3. Configure the Spark Manager
Now we will need to configure the manager machine to know about its workers. Navigate into the spark installation folder and then go to the conf-directory (cd $SPARK_HOME/conf
). There are a number of files present here with the extension .template
. To look at the contents of the directory:
$ ls -la
drwxr-xr-x 2 spark.manager spark.manager 4096 Jun 19 17:06 .
drwxr-xr-x 13 spark.manager spark.manager 4096 Jun 19 17:06 ..
-rw-r--r-- 1 spark.manager spark.manager 202 Jun 3 02:30 docker.properties.template
-rw-r--r-- 1 spark.manager spark.manager 303 Jun 3 02:30 fairscheduler.xml.template
-rw-r--r-- 1 spark.manager spark.manager 632 Jun 3 02:30 log4j.properties.template
-rw-r--r-- 1 spark.manager spark.manager 5565 Jun 3 02:30 metrics.properties.template
-rw-r--r-- 1 spark.manager spark.manager 80 Jun 3 02:30 slaves.template
-rw-r--r-- 1 spark.manager spark.manager 507 Jun 3 02:30 spark-defaults.conf.template
-rwxr-xr-x 1 spark.manager spark.manager 3318 Jun 3 02:30 spark-env.sh.template
We’ll copy the one named slaves.template
and configure the workers there.
$ cp slaves.template slaves
$ nano slaves
When opened paste the following configuration.
# Slaves file.
worker.one
worker.two
Here you can see how nice it is to have ‘shortcut’ names for the workers. If we every want to change something about their configuration we only need to change the SSH config file and Spark will know instantly.

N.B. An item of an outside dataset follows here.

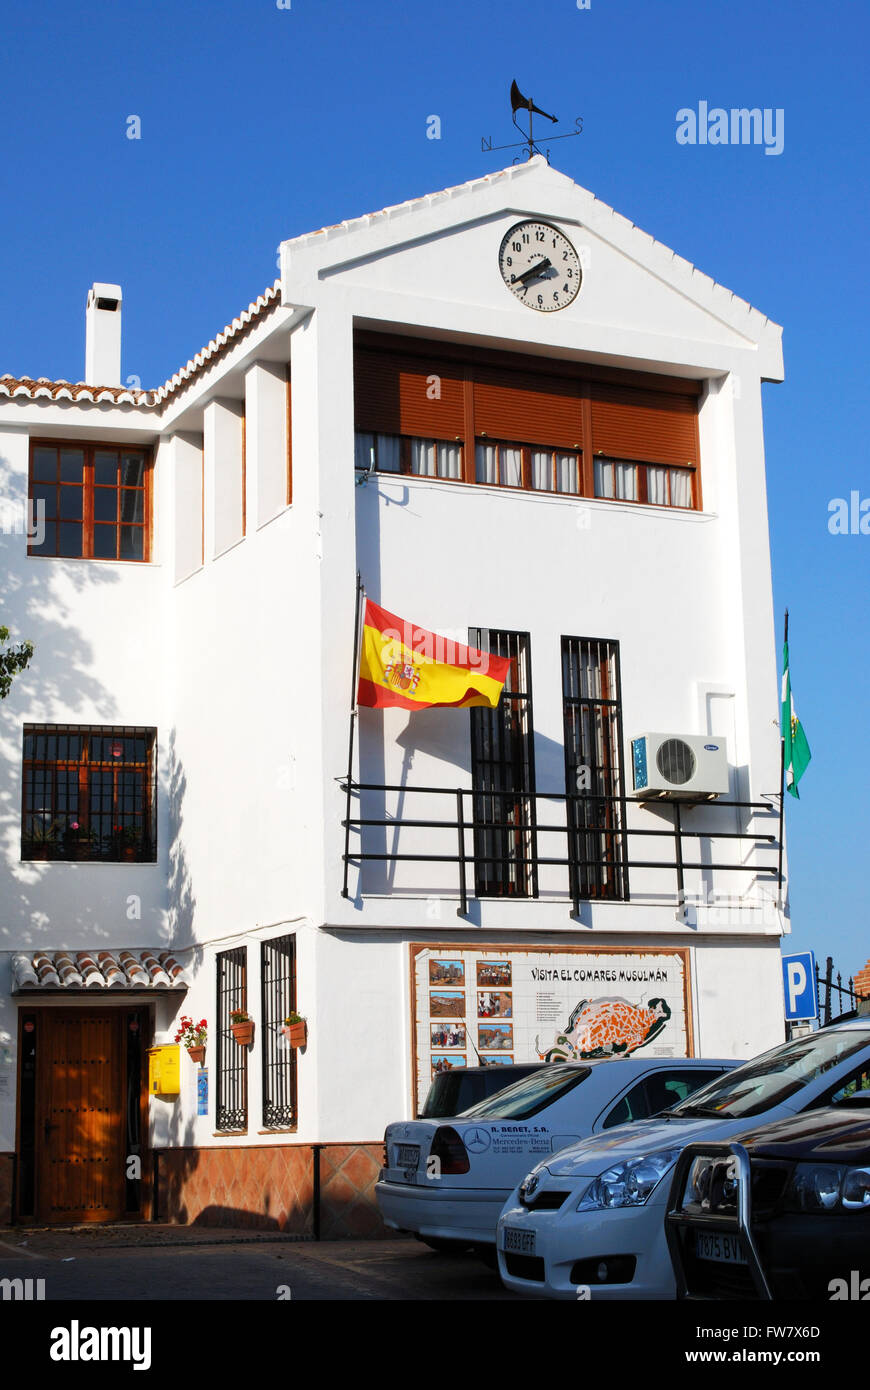 Rathaus mit Uhr und eine spanische Flagge auf dem Stadtplatz, Comares, Region Axarquia, Provinz Malaga, Andalusien, Spanien. Stockfoto

Next copy the manager spark-env.sh
file and open it using
$ cp spark-env.sh.template spark-env.sh
$ nano spark-env.sh
In this file there are a lot of configuration parameters that can be set. We only need a few for this specific occasion. Set the following parameters and make sure to replace <MANAGER_IP_ADDRESS>
with the IP-address of your Spark manager machine:
SPARK_LOCAL_IP=<MANAGER_IP_ADDRESS>
SPARK_MASTER_IP=<MANAGER_IP_ADDRESS>
SPARK_WORKER_CORES=1
SPARK_WORKER_MEMORY=1000m
Note: The IP-address used here is the IP-address of the manager (or master) machine.
The last thing to do on the manager machine is changing the IPython startup command slightly. When starting IPython/Spark as the master/manager, the command is slightly different as we have to tell it that we are running it as a manager and not a standalone instance. Open up the .bash_profile
:
$ nano ~/.bash_profile
and add the following line to it:
alias IPYSPARKMASTER='MASTER=spark://<MANAGER_IP_ADDRESS>:7077 PYSPARK_DRIVER_PYTHON=ipython PYSPARK_DRIVER_PYTHON_OPTS="notebook --profile=pyspark --ip=0.0.0.0" $SPARK_HOME/bin/pyspark'
Note: here again we are using the IP address of the master/manager where it states <MANAGER_IP_ADDRESS>
.
Therefore rather than typing IPYSPARK
(because this is the shortcut in the bash profile), we can later on start IPython in Spark-cluster mode using IPYSPARKMASTER
.
These were all the configurations that need to be setup for the master/manager. We now need to configure the workers so they know what their role is and who is managing them.
Configuring Spark Workers
The following instructions will deal with setting up the worker machines. Note that its best to complete the above instructions before setting up the workers as you will need bits and pieces from the above here.
1. Add the Manager’s SSH-Keypair
For the manager machine to be able to SSH into the worker machine the worker needs to first have its SSH key listed as an authorized key.
On the manager machine print the contents of the public key using
$ cat ~/.ssh/sparkManagerKey.pub
Copy the contents and, on the worker machine open the authorized_keys
file in a text-editor
$ nano ~/.ssh/authorized_keys
Paste in the contents of the public-key you just copied on a new line and save-and-close the file.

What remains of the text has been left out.